Na entrevista concedida ao Correio, o próprio Kramer reconheceu isso: “Eu sei que incomodo, porque não tenho medo do confronto, porque não pertenço à esquerda ingênua”. Segundo ele, o grupo estaria promovendo uma espécie de patrulha ideológica por não concordar com sua postura política e intelectual. “Foi ofensivo, me senti incomodado, mas continuo respeitando a postura ideológica do professor”, responde Gustavo Amora.

Assunto interno
A diretora do Instituto de Ciência Política (Ipol), Lúcia Avelar, acredita que os estudantes radicalizaram ao levar o debate para fora da UnB. “A questão estava sendo tratada como prioridade aqui dentro, estávamos encaminhando soluções, mas eles foram irredutíveis”, afirma. Segundo ela, Paulo Kramer pode ser veemente no discurso, mas não é racista. “É um professor respeitado, tem quase 20 anos de história aqui dentro. Não merece sofrer uma acusação tão séria assim”, considera.

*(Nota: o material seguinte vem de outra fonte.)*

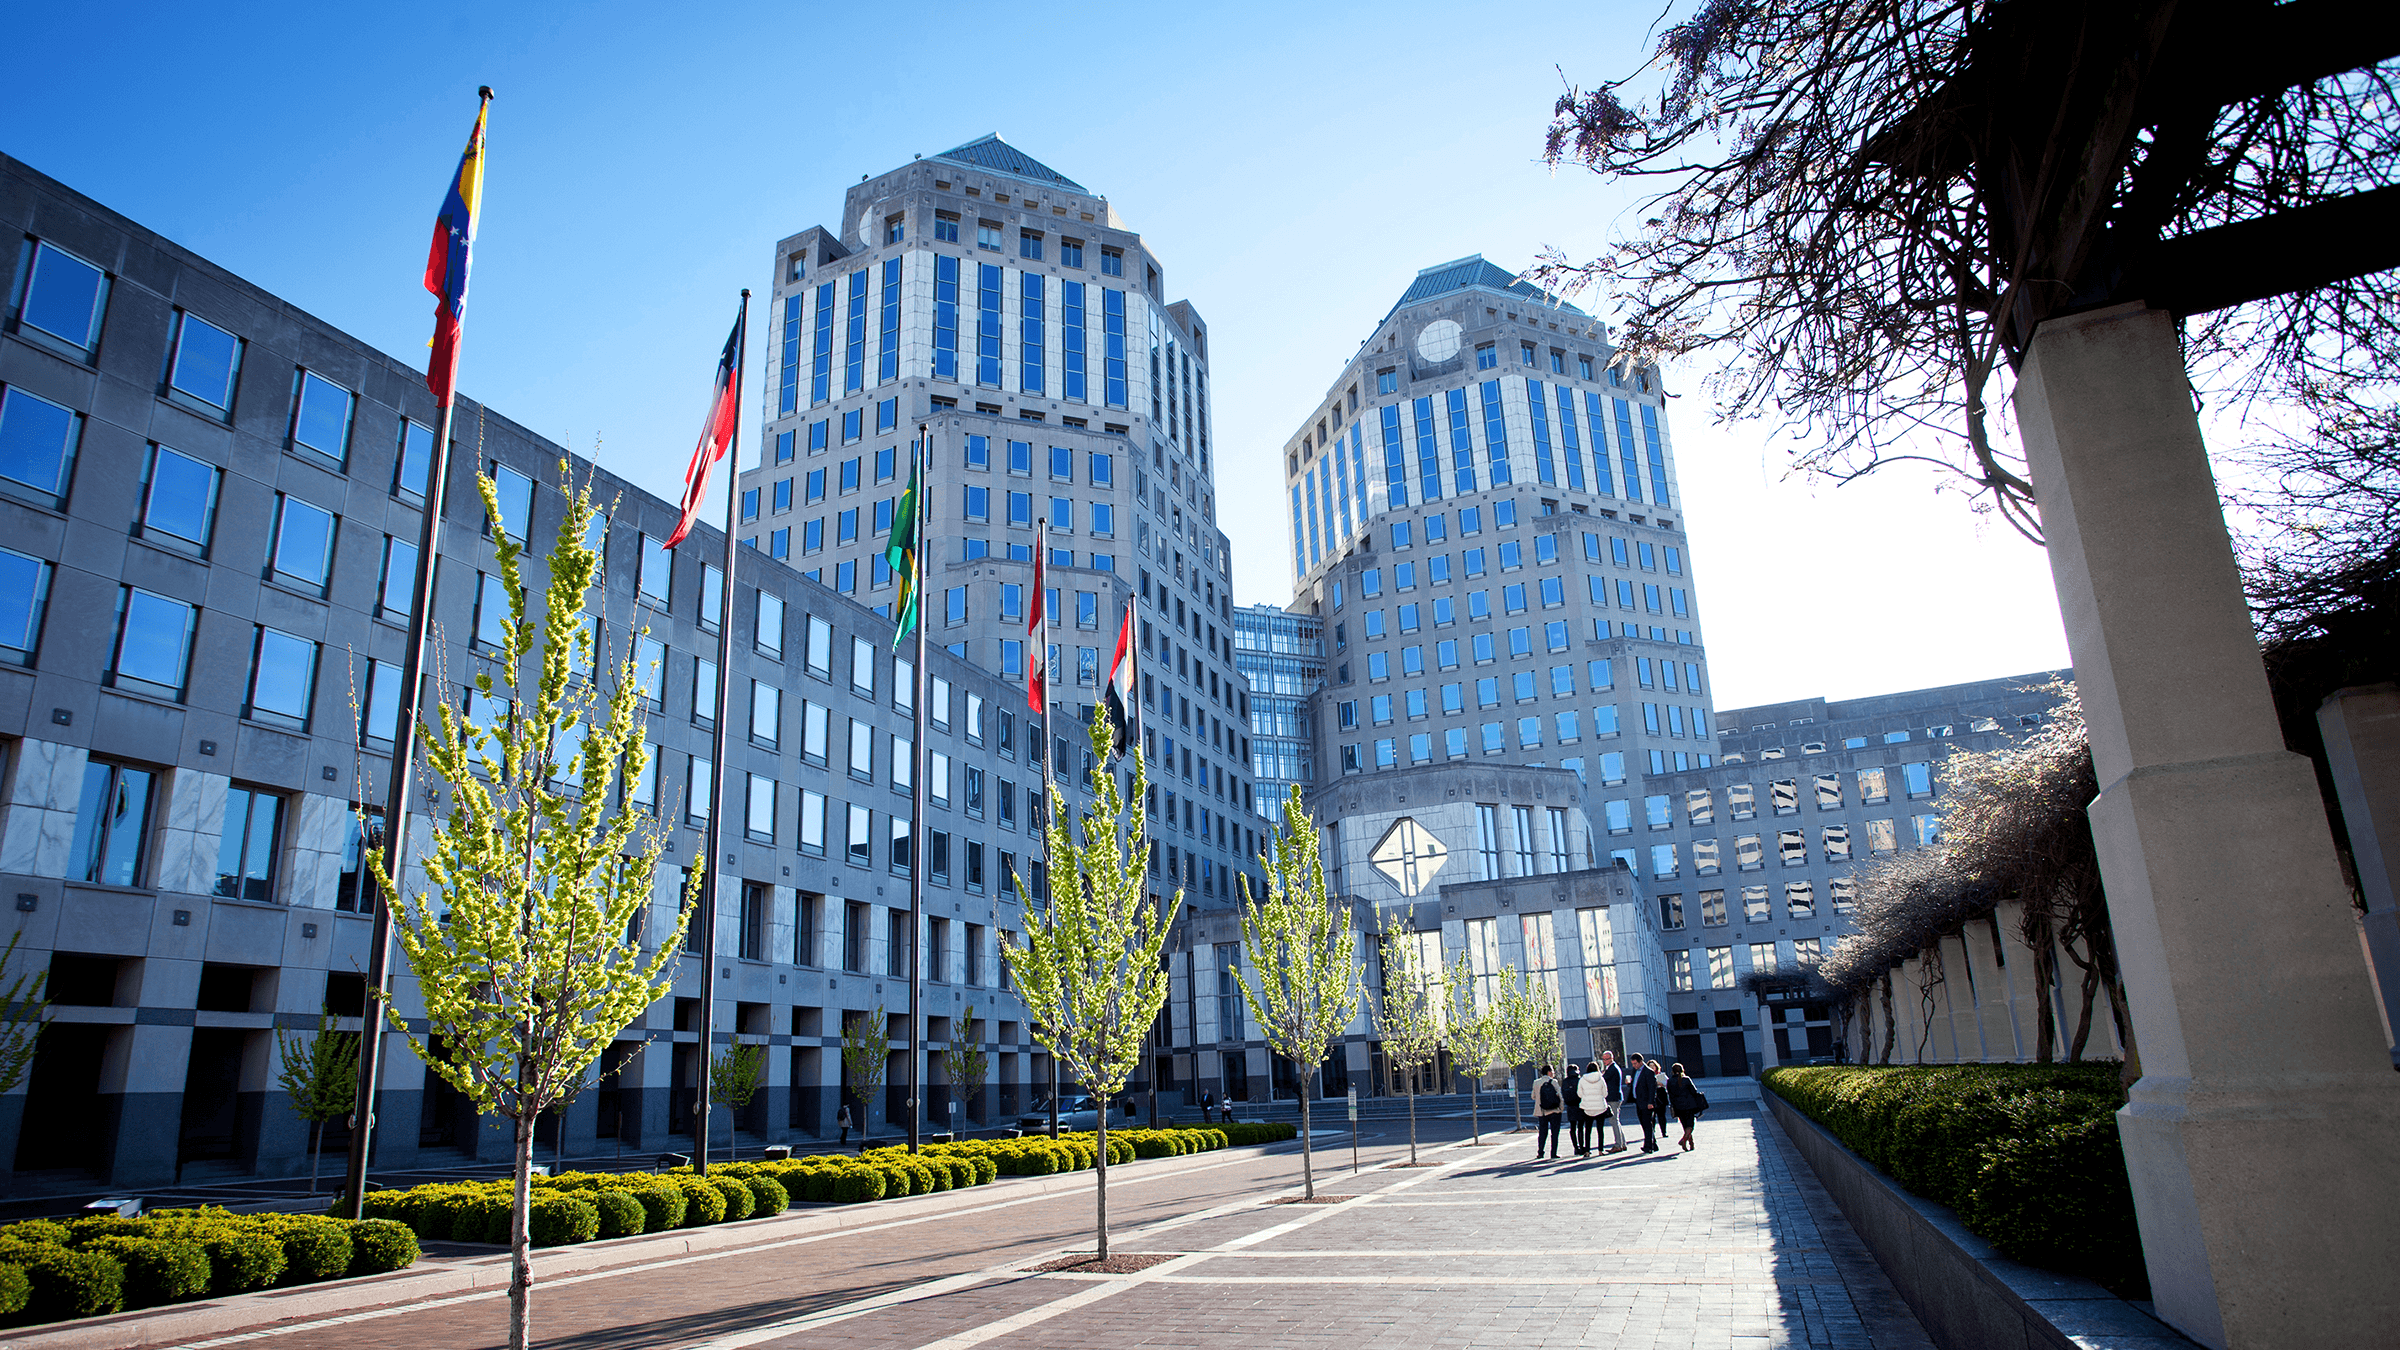 Proctor & Gamble's World HQ

Coordenador da pós-graduação em ciência política, o professor Antônio Brussi lamentou ver um professor do mestrado envolvido em uma polêmica que chegou às páginas dos jornais: “Todos aqui têm uma trajetória de respeito à democracia e às liberdades democráticas, espero que isso seja respeitado pela imprensa”.

Os professores do Instituto se reúnem amanhã e segunda-feira para discutir como será a avaliação dos alunos que se opõem a Kramer. Para evitar novos confrontos, Lúcia Avelar proporá que o grupo faça uma prova escrita a ser corrigida por outros professores.

Vários significados
As definições da palavra “crioulo” ocupam 47 linhas nas páginas 870 e 871 do Dicionário Antônio Houaiss. A primeira delas dá ao termo o significado de “cria” ou “escravo”. As outras definições são qualificativos para pessoas, de acordo com o lugar de nascimento. Algumas fazem menção à raça, outras não. De acordo com o Houaiss, a palavra pode ser usada para qualquer descendente de europeu que nasceu em países americanos, bem como para quem nasceu escravo no então no Novo Continente.

Em entrevista ao Correio, o professor Paulo Kramer afirmou que usou “crioulada” para traduzir a forma como os sociólogos norte-americanos classificam “black under class” — algo como “negros de baixa classe”. Segundo Kramer, este grupo só seria menos pobre do que os imigrantes ilegais que moram nos Estados Unidos. “Eles são pobres e sem estudo, só estão acima dos imigrantes”, explicou.

Diretora do Instituto de Ciência Política, Lúcia Avelar diz que não usaria a palavra para se referir à população negra e pobre, mas que a expressão pode não estar carregada de preconceito. “Eu não usaria, mas a palavra não é proibida. O escritor Machado de Assis a usava”. Para a professora, atos de preconceito podem ser expressos por palavras e por comportamentos. Presidente do Grupo Cultural Olodum, da Bahia, João Jorge dos Santos Rodrigues acompanha a polêmica via internet. “Não tenho dúvidas de que a declaração do professor foi racista, todo mundo sabe que ‘crioulada’ é um termo pejorativo. Ele deveria ter usado população negra, afrodescendente ou população afro-americana”.